(Data provided Opens)

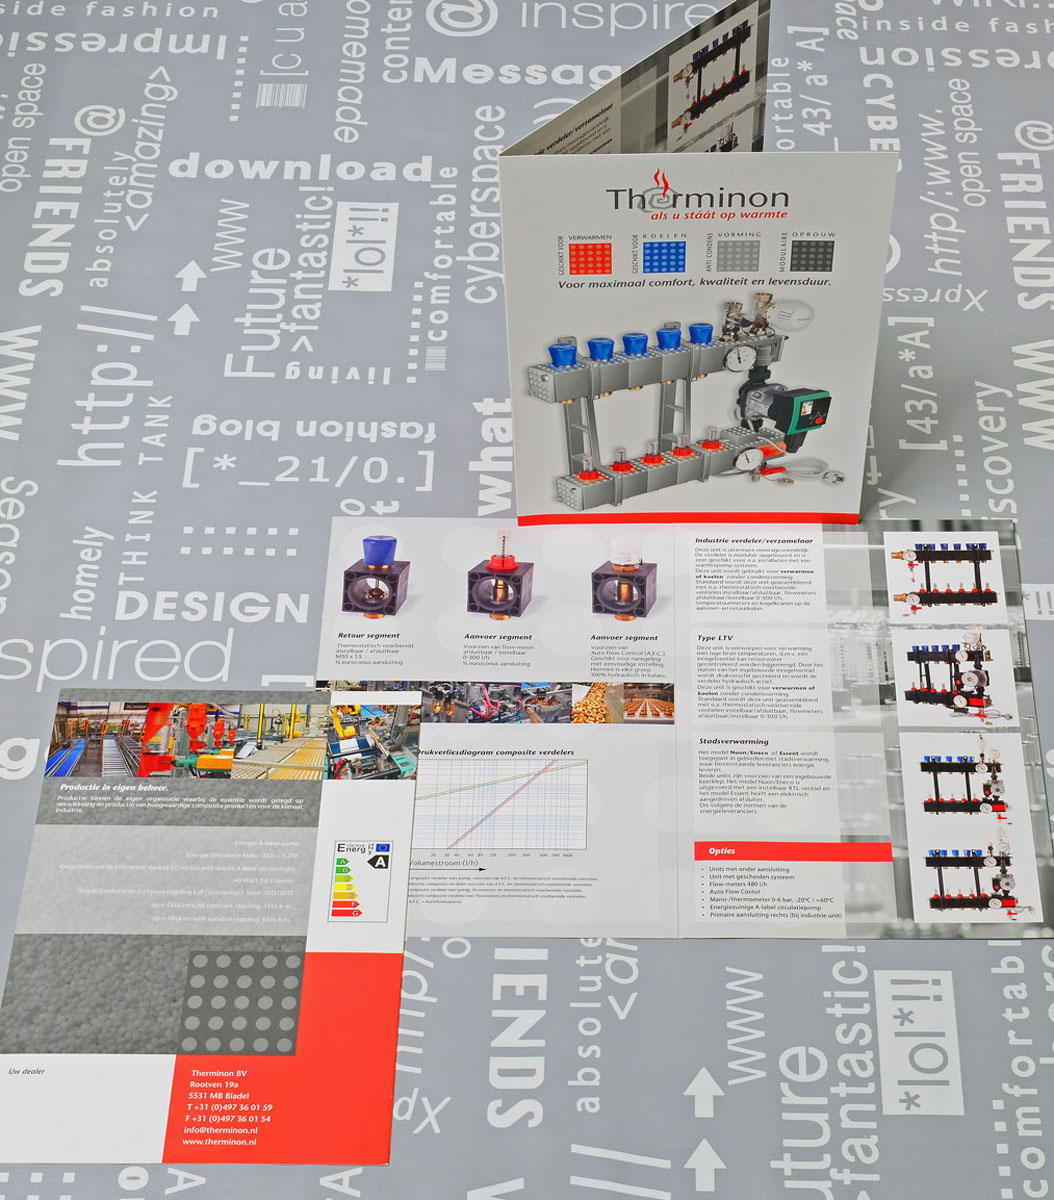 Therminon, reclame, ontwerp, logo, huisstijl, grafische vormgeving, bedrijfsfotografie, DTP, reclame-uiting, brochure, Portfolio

(Data provided Closes)
(Data provided Opens)

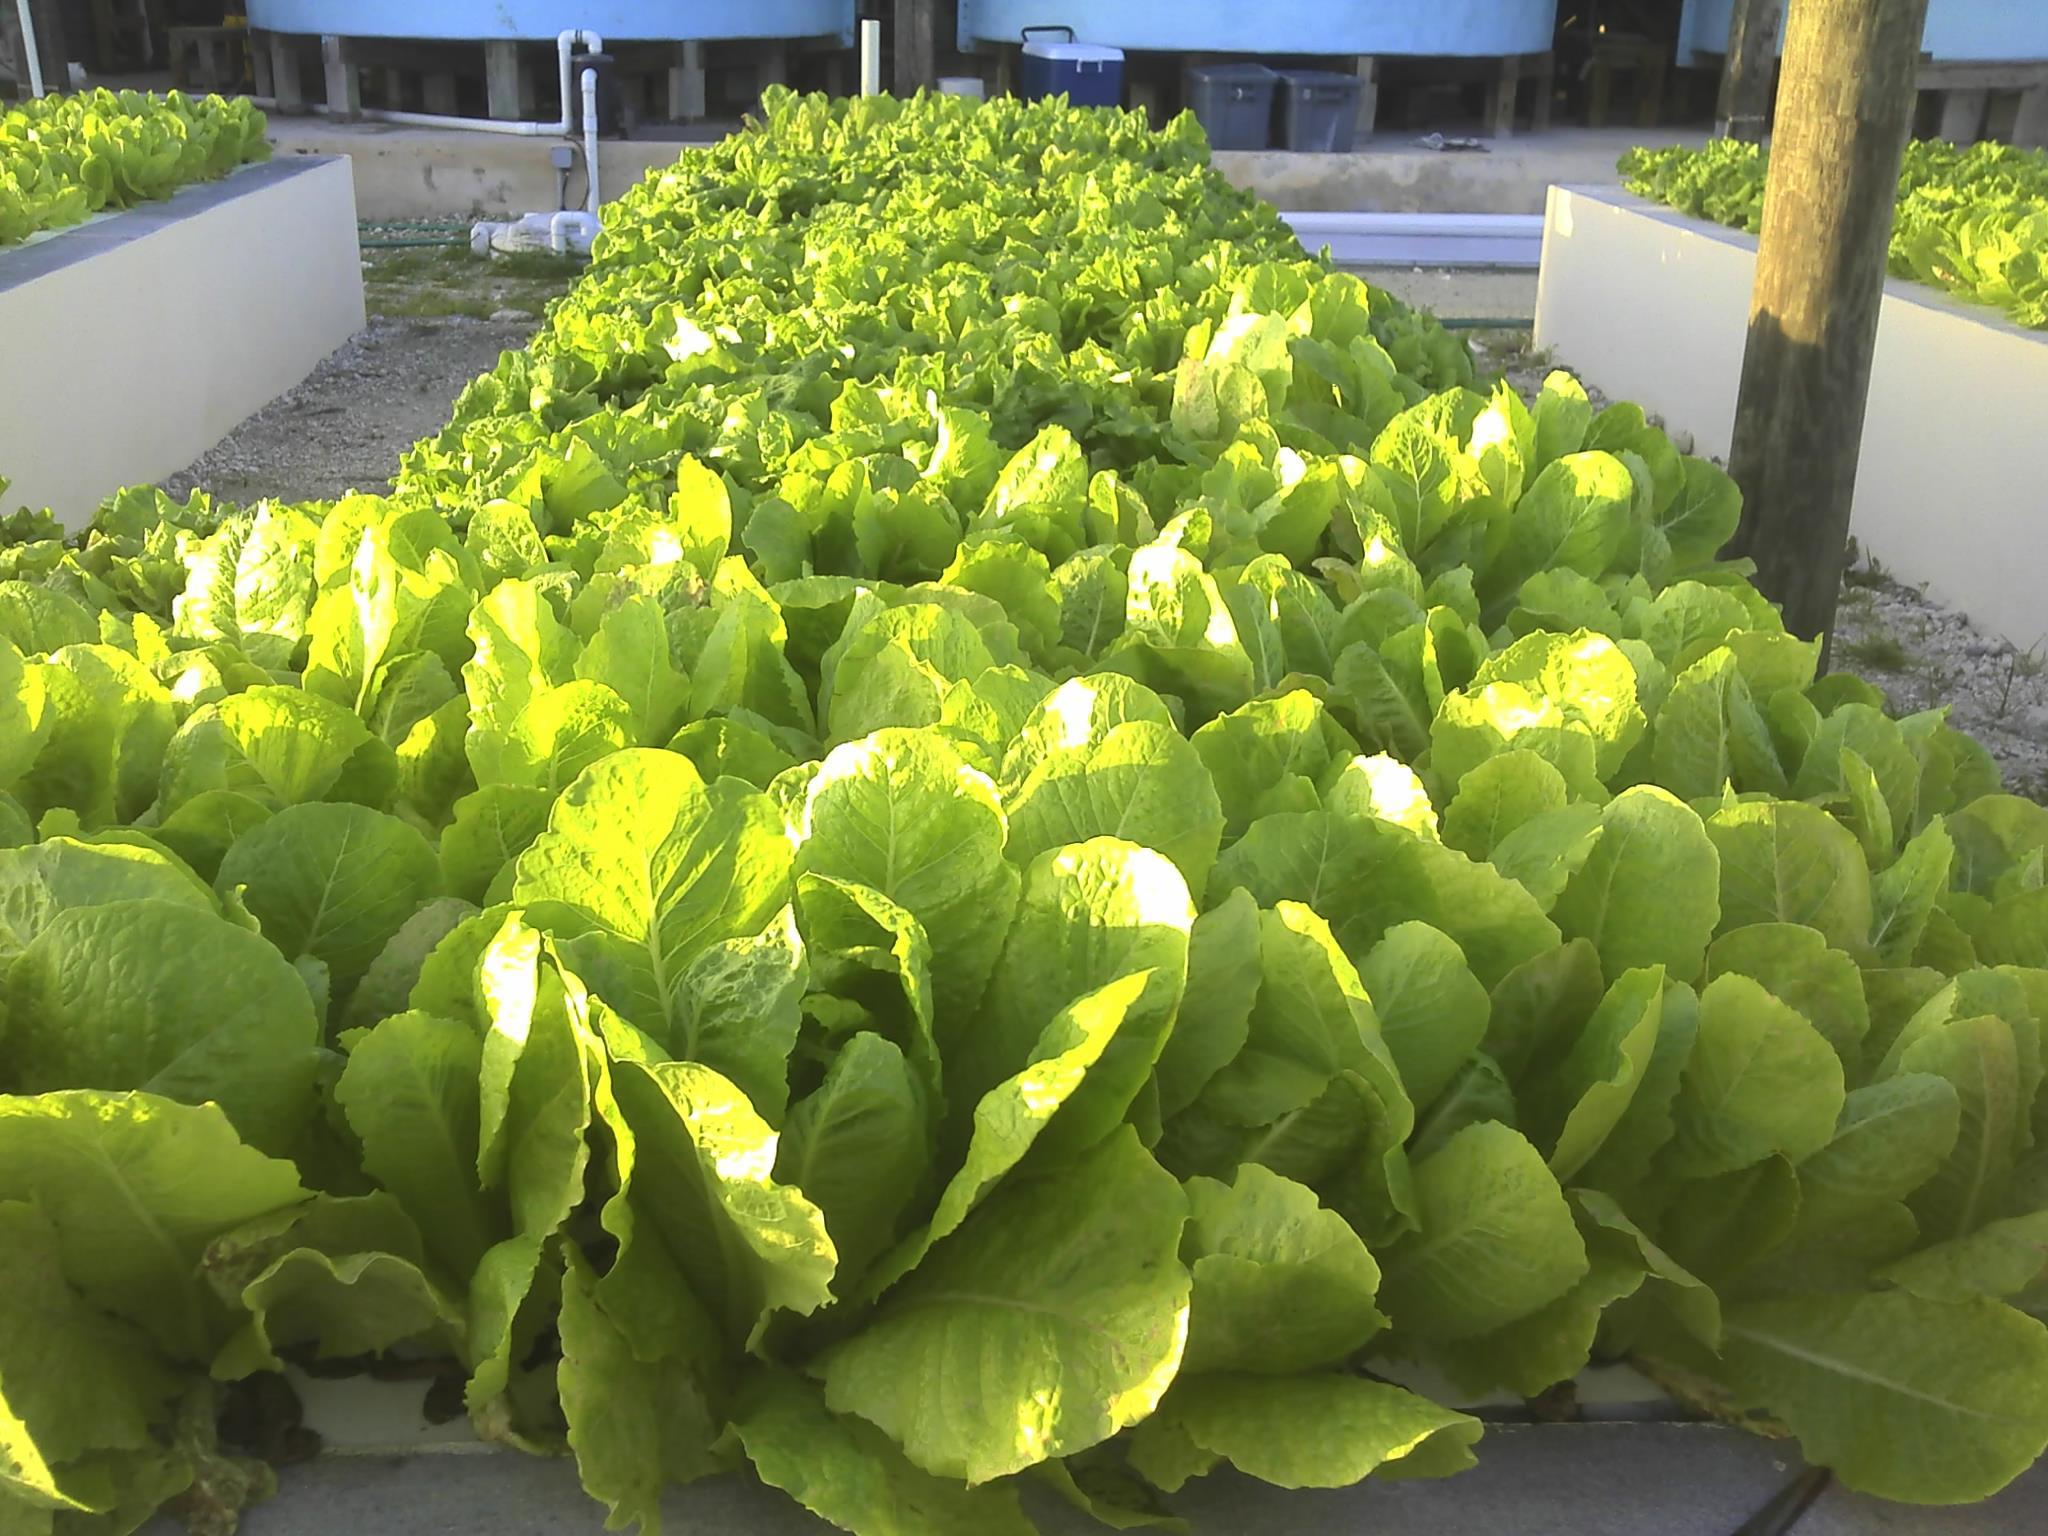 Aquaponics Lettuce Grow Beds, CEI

(Data provided Closes)
(Data provided Opens)

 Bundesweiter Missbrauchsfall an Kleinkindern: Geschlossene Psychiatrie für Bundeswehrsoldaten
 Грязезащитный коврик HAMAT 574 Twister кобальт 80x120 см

(Data provided Closes)

** Exercise directions **
For this task, write out exactly the lines of the entries above, starting at the line with "Bundesweiter Missbrauchsfall an" and ending at the line with "Грязезащитный коврик HAMAT", both included, and no others.

** Task response **
 Bundesweiter Missbrauchsfall an Kleinkindern: Geschlossene Psychiatrie für Bundeswehrsoldaten
 Грязезащитный коврик HAMAT 574 Twister кобальт 80x120 см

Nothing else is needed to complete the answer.